== Task objective ==
Restate each line of the listing exactly, without carrying over any pictures.

== Data segment ==
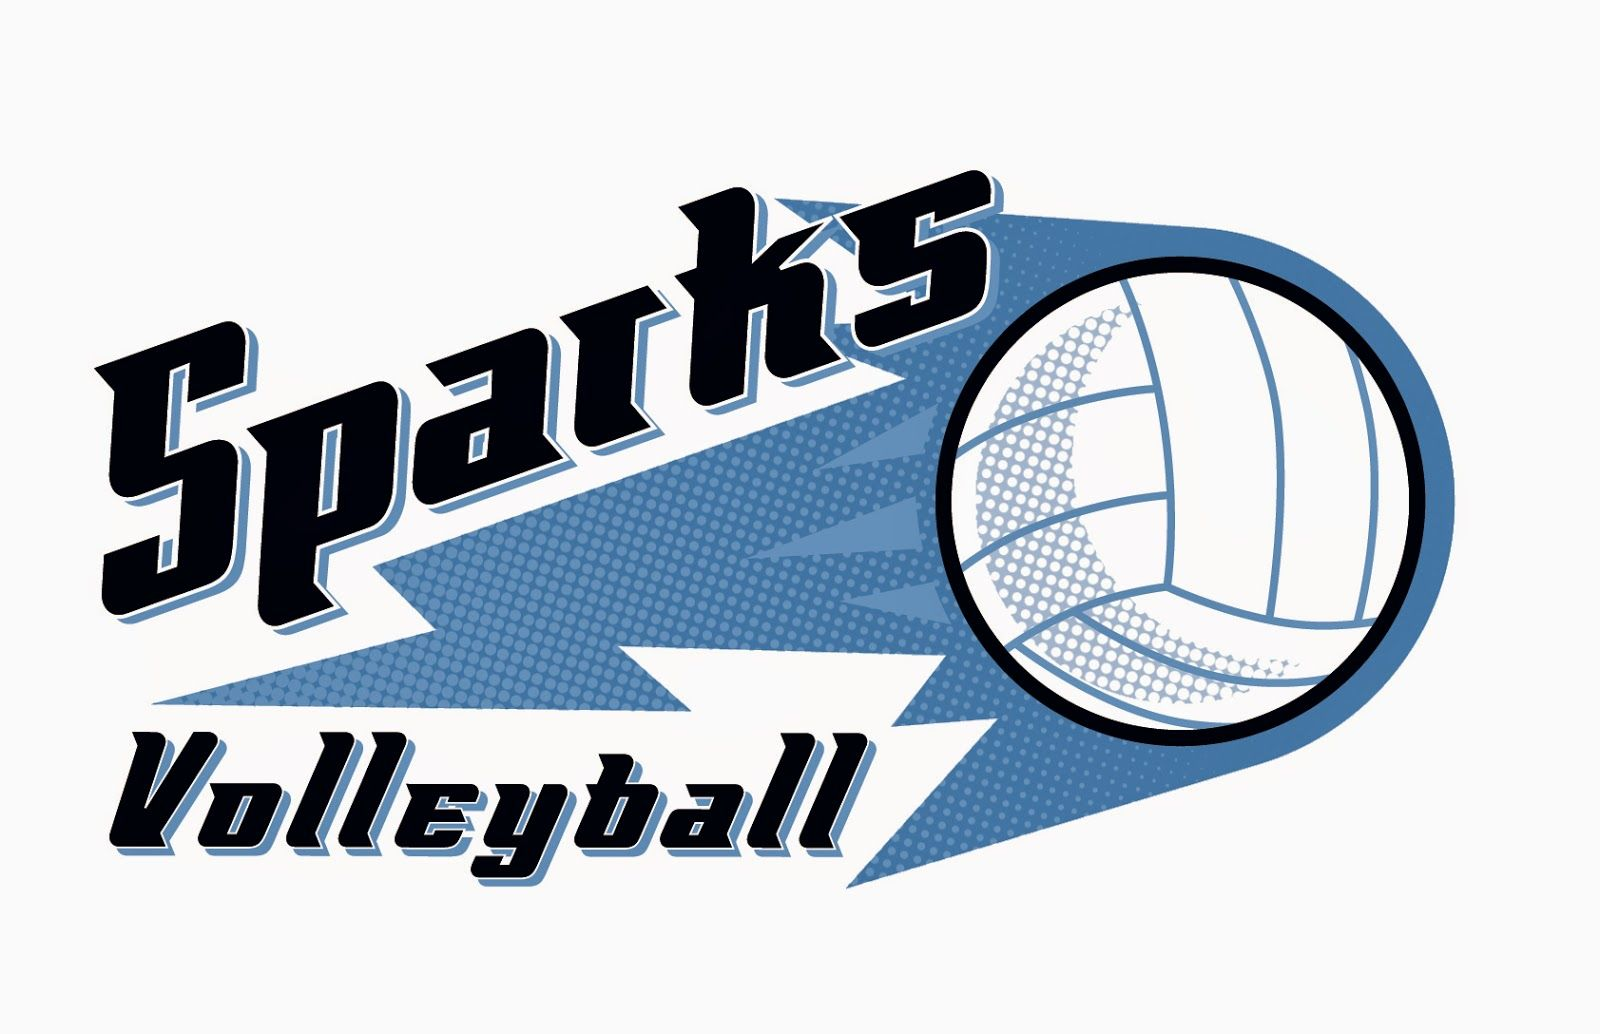 Sparks Volleyball Club Logo Design Volleyball Clubs Logo Design Logos
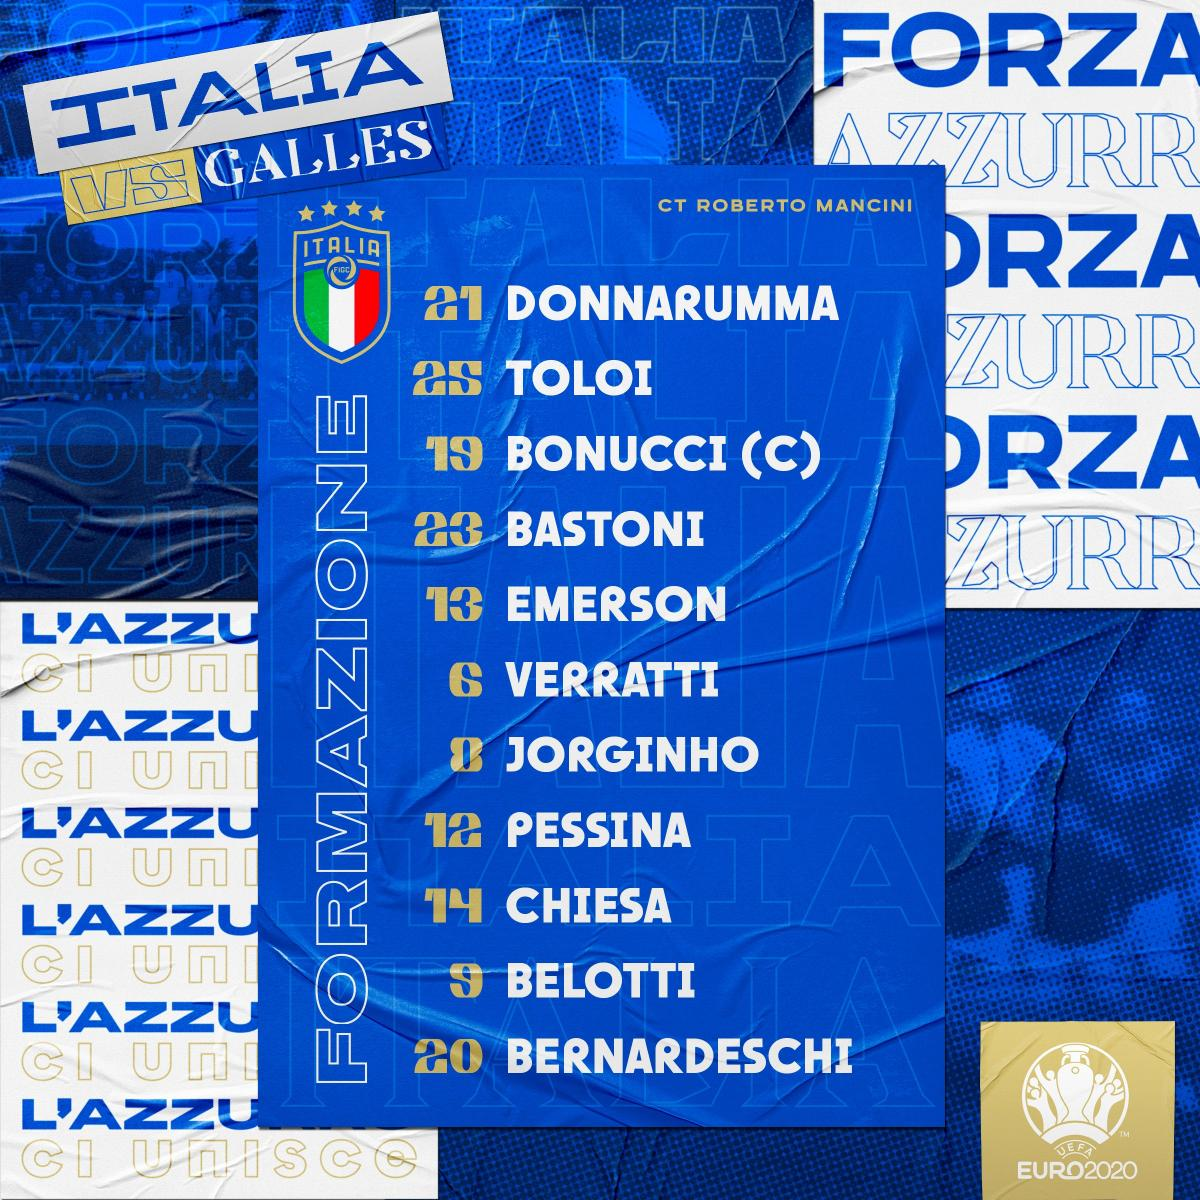 Twitter: Nazionale Italiana oficial
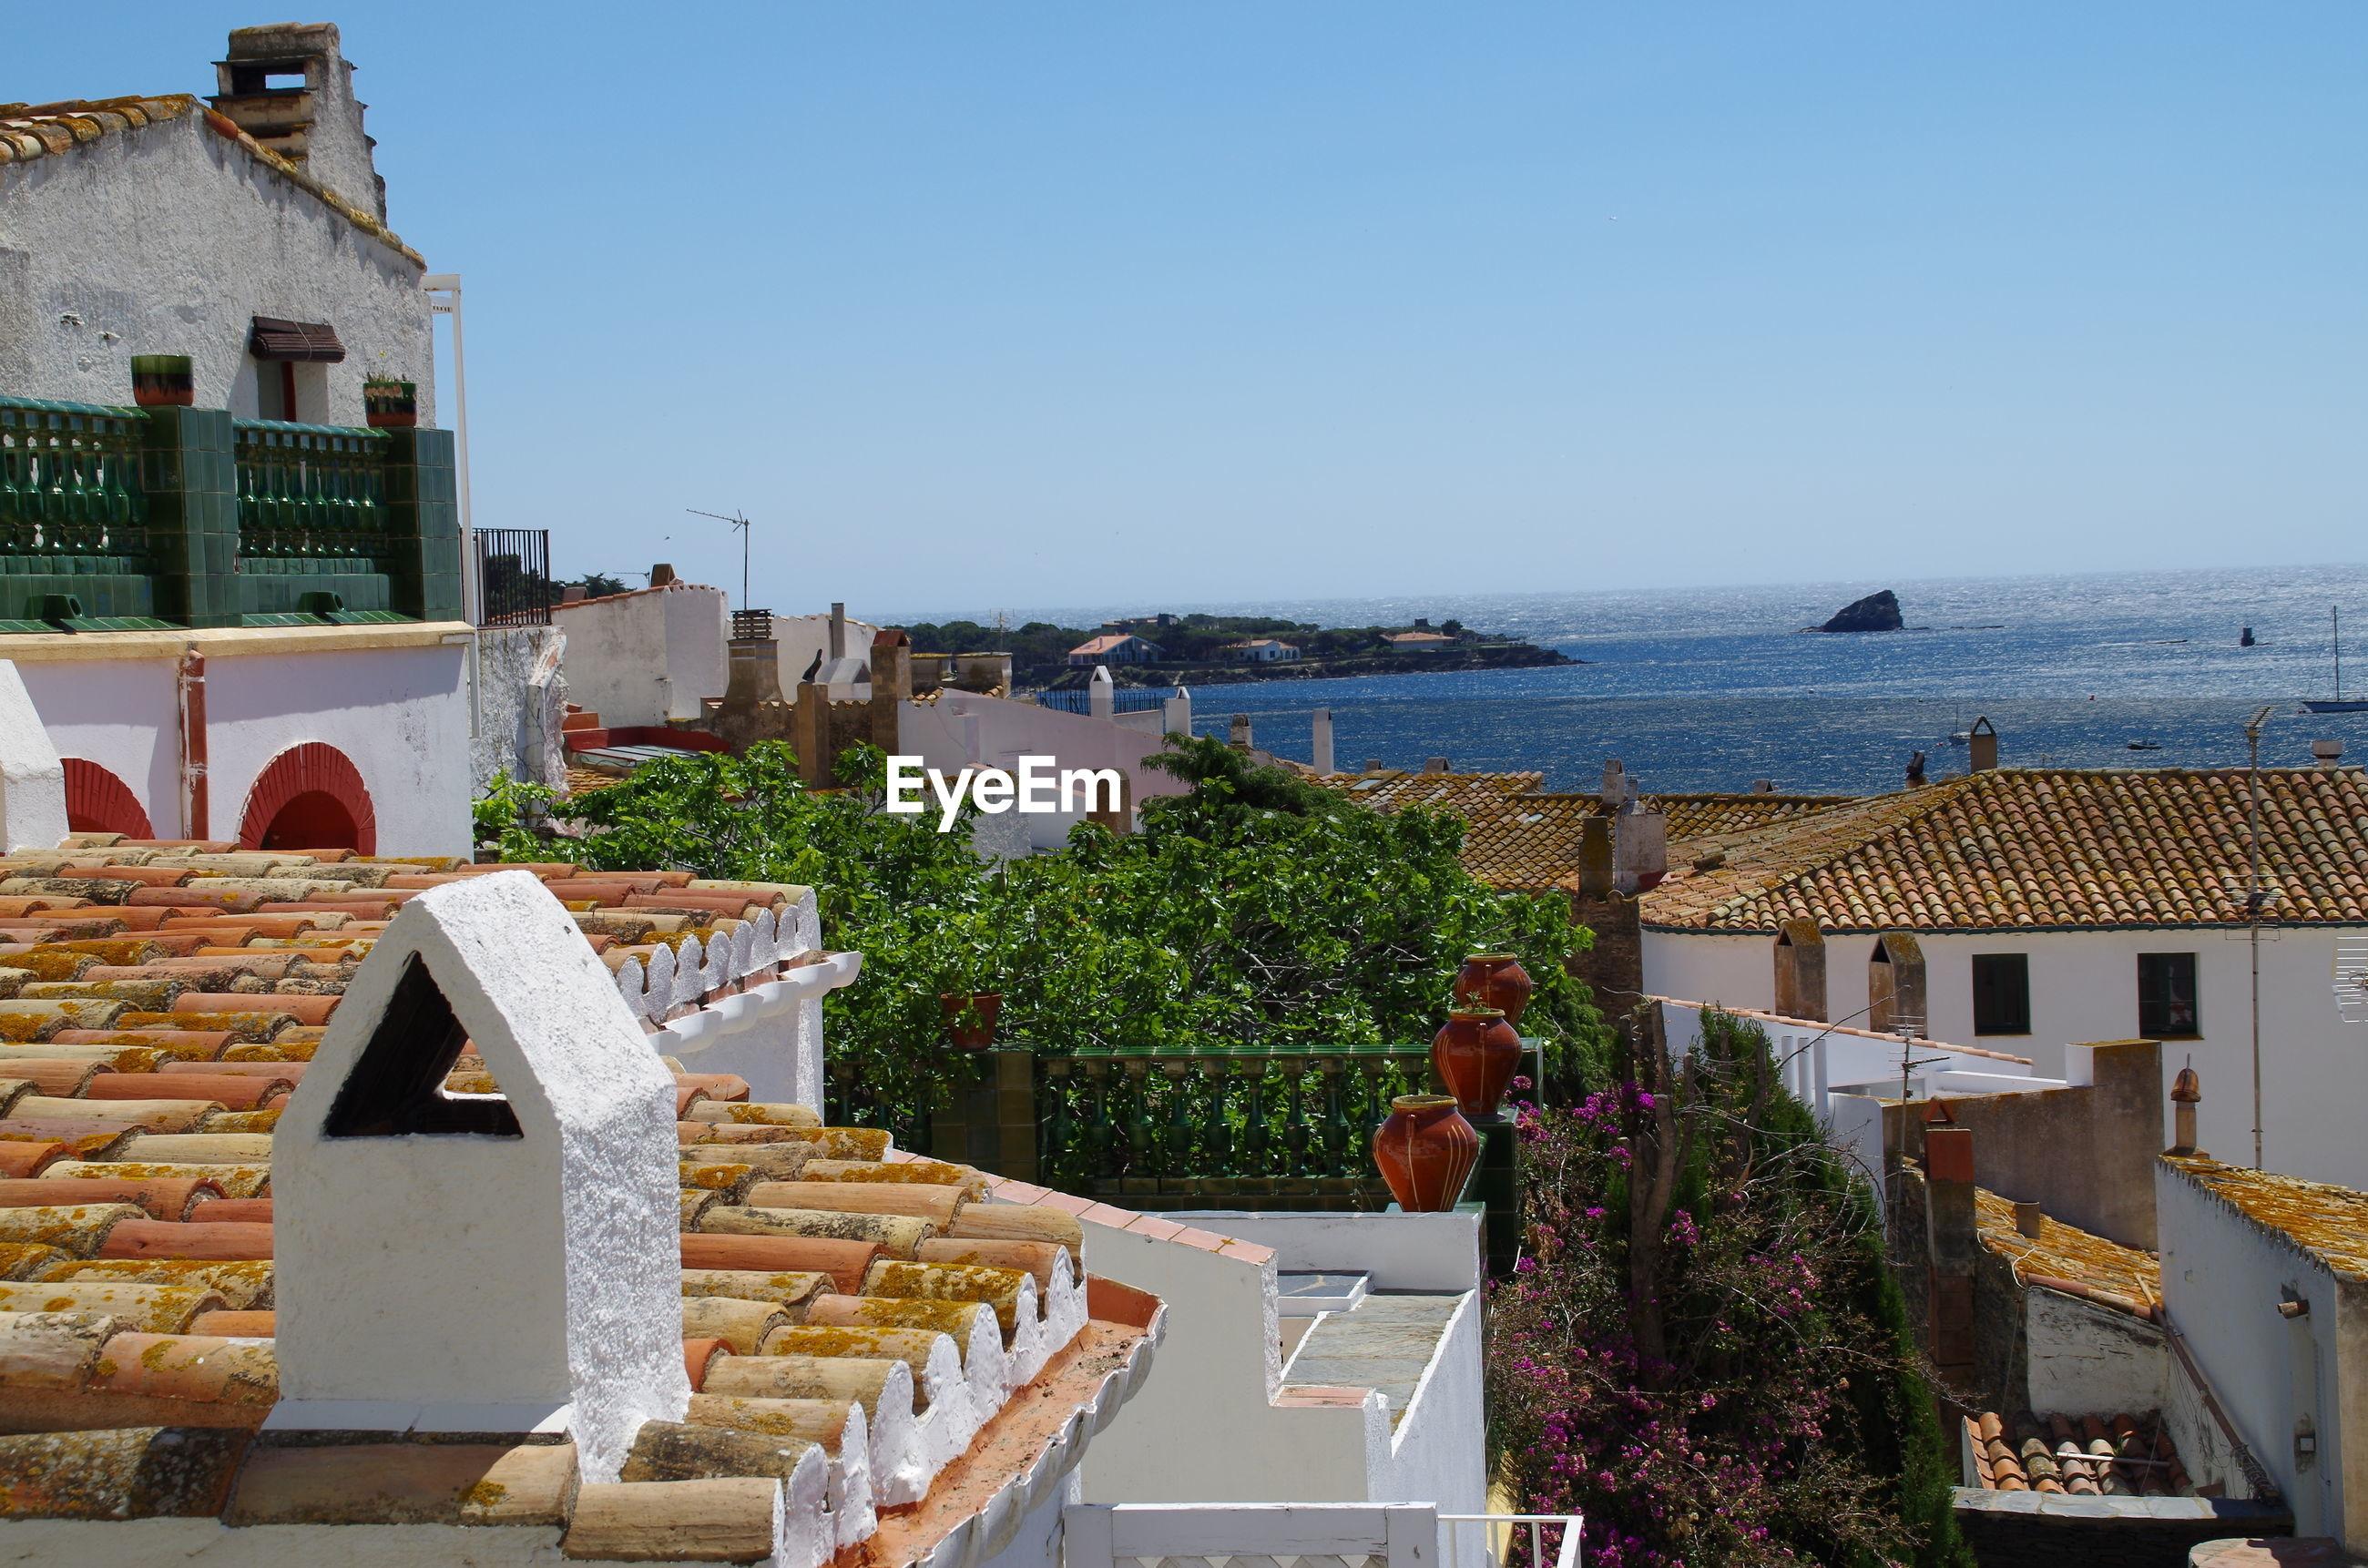 BUILDINGS BY SEA AGAINST CLEAR SKY
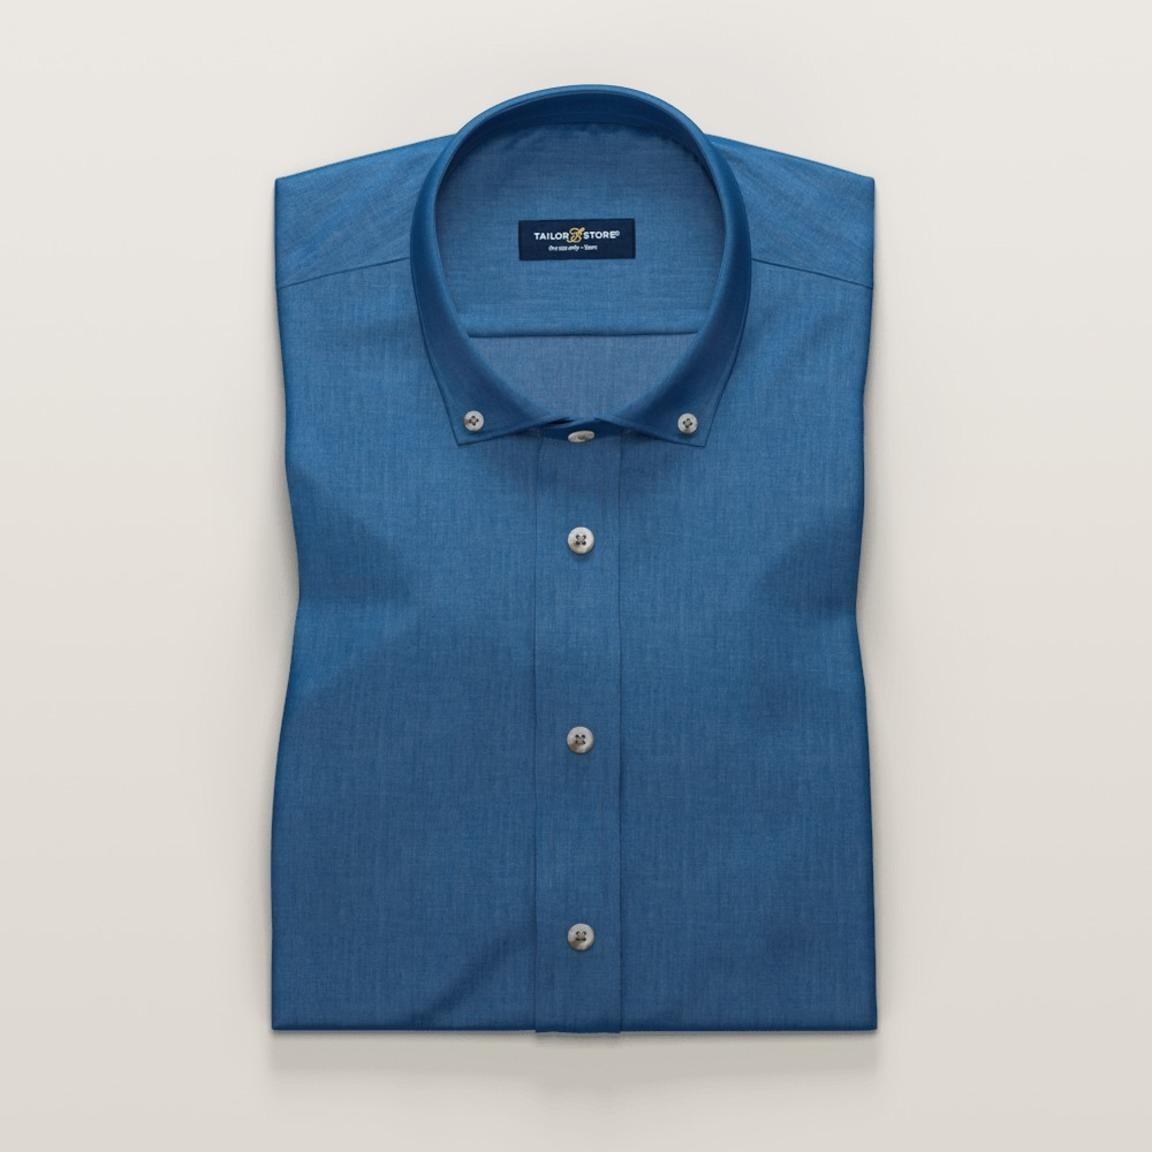 Denim blue short sleeved shirt in cotton-Tencel twill fabric

== Response below ==
 Sparks Volleyball Club Logo Design Volleyball Clubs Logo Design Logos
 Twitter: Nazionale Italiana oficial
 BUILDINGS BY SEA AGAINST CLEAR SKY
 Denim blue short sleeved shirt in cotton-Tencel twill fabric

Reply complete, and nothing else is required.